# WHAT IS REQUIRED
Every record should be written out exactly, with the pictures left out.
** MATERIAL FOR THE TASK follows **
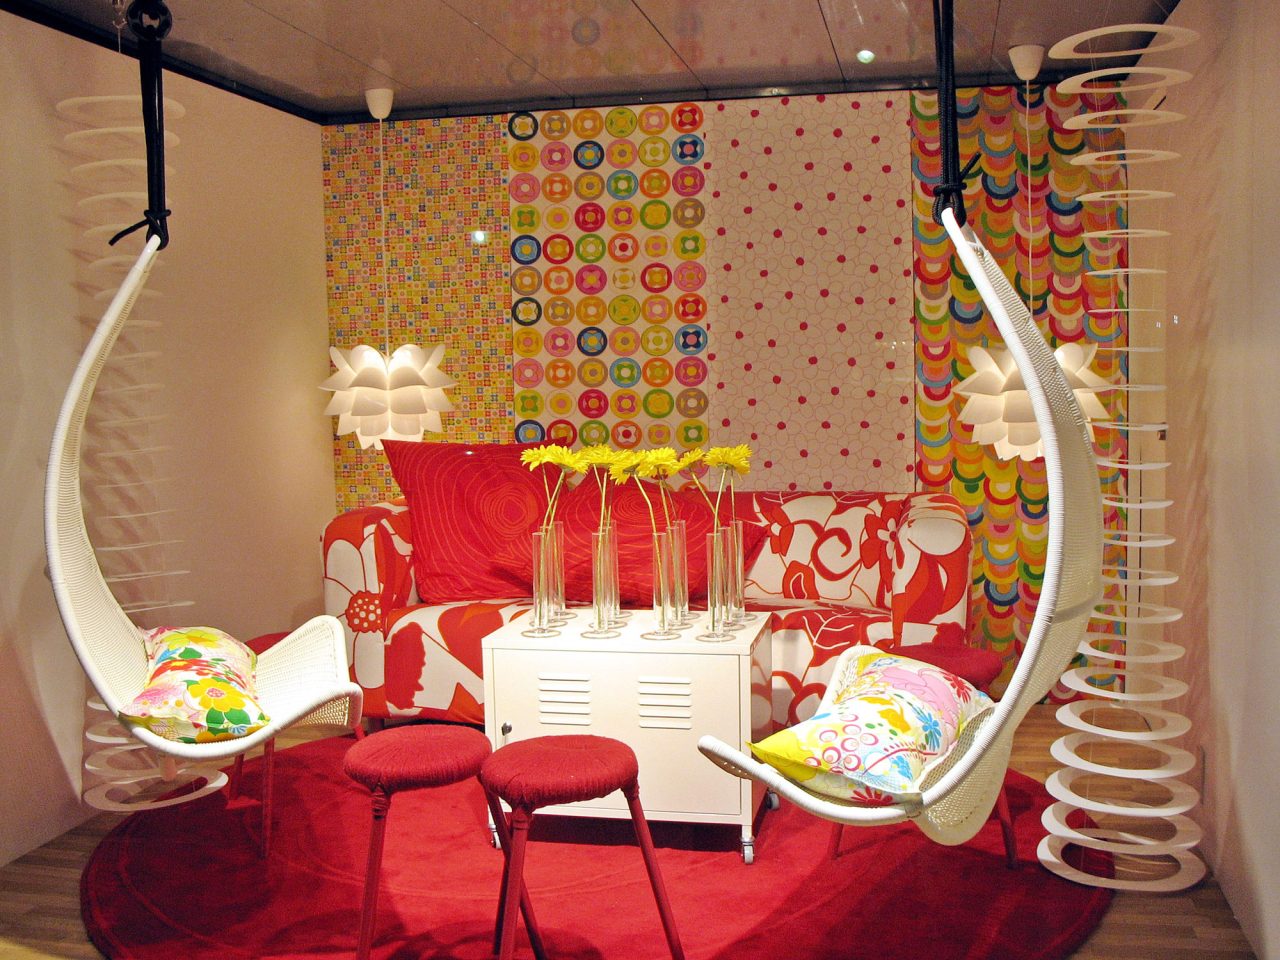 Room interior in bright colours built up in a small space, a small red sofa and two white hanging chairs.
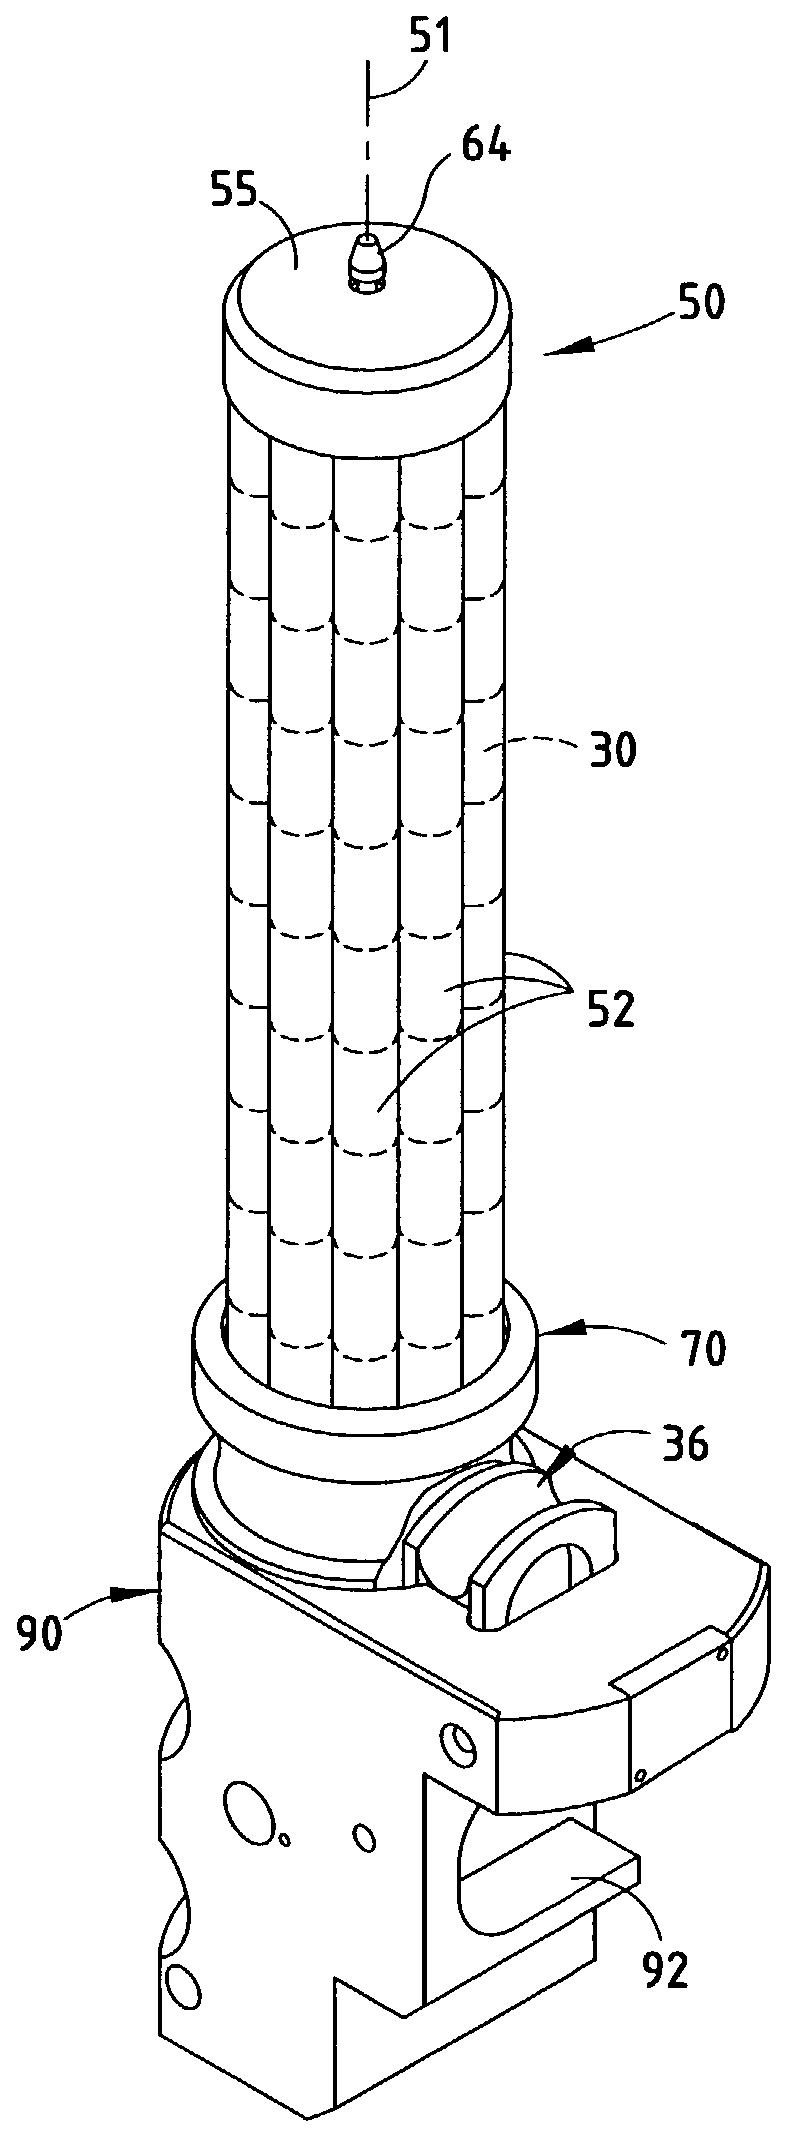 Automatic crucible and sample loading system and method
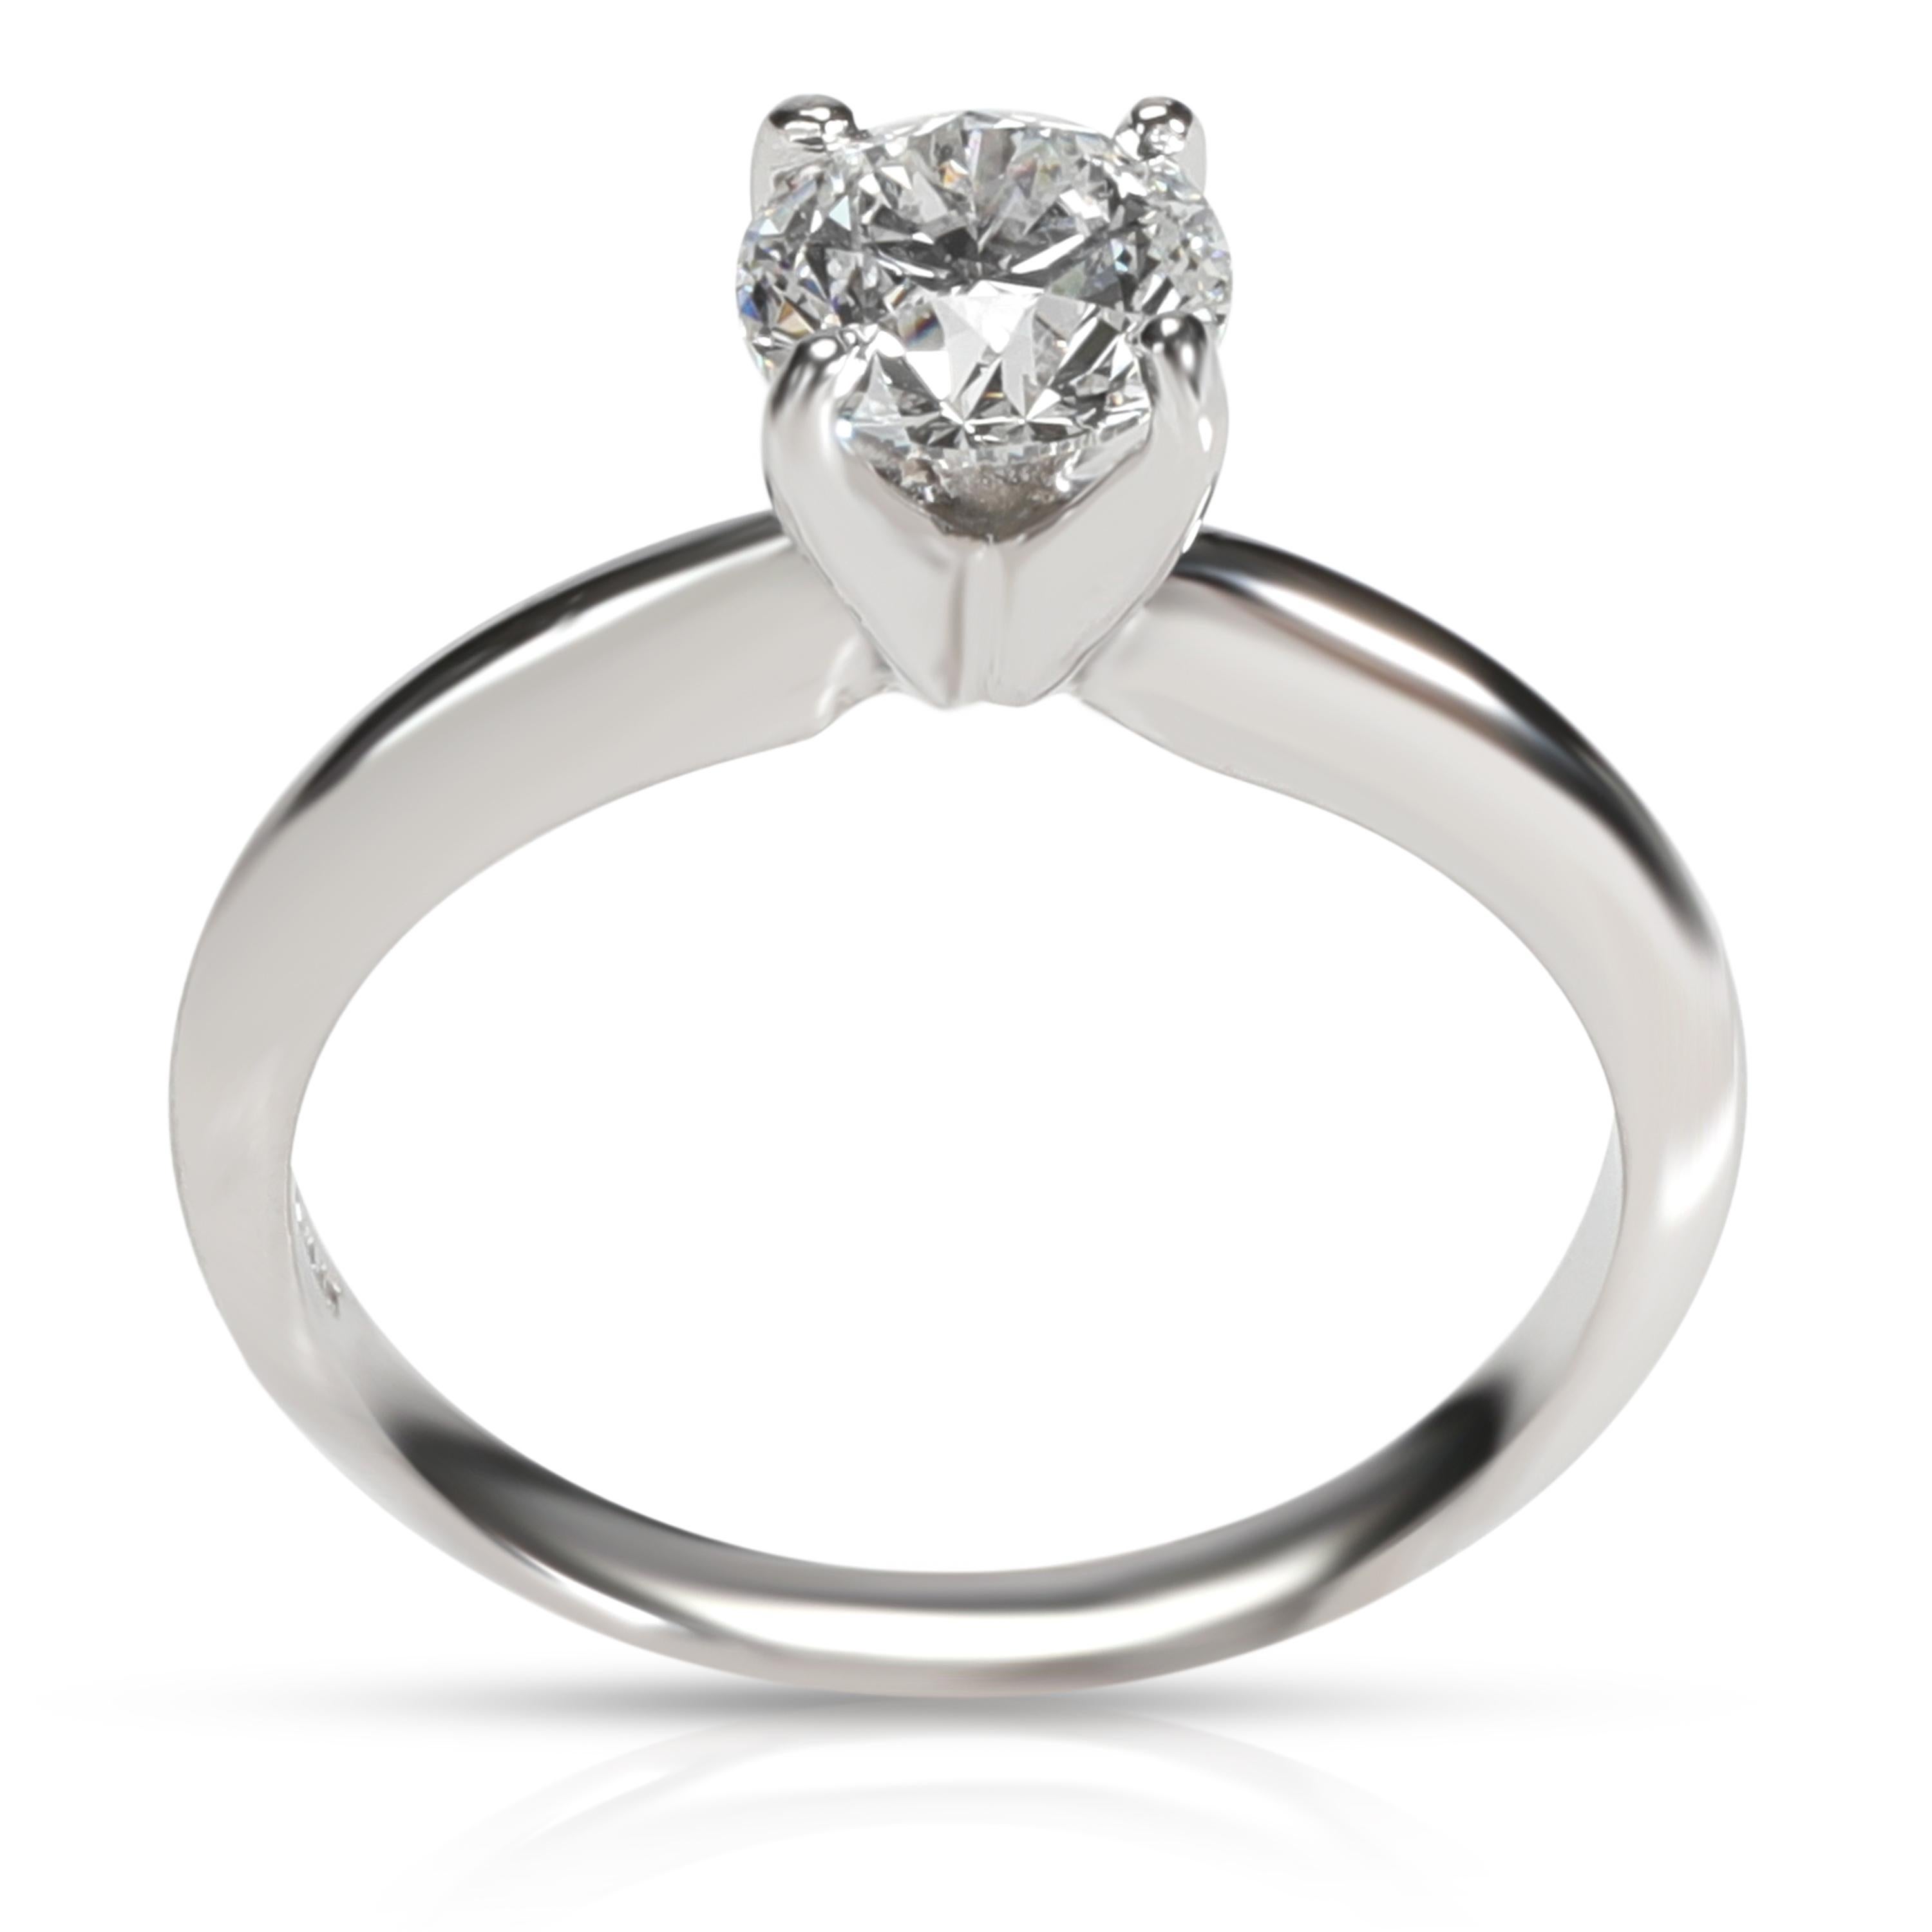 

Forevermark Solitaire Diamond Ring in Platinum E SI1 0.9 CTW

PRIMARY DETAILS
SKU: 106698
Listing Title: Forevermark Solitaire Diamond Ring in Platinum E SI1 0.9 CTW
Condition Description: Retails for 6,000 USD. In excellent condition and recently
** End of MATERIAL FOR THE TASK **
# PROBLEM SOLUTION
 Room interior in bright colours built up in a small space, a small red sofa and two white hanging chairs.
 Automatic crucible and sample loading system and method

Forevermark Solitaire Diamond Ring in Platinum E SI1 0.9 CTW

PRIMARY DETAILS
SKU: 106698
Listing Title: Forevermark Solitaire Diamond Ring in Platinum E SI1 0.9 CTW
Condition Description: Retails for 6,000 USD. In excellent condition and recently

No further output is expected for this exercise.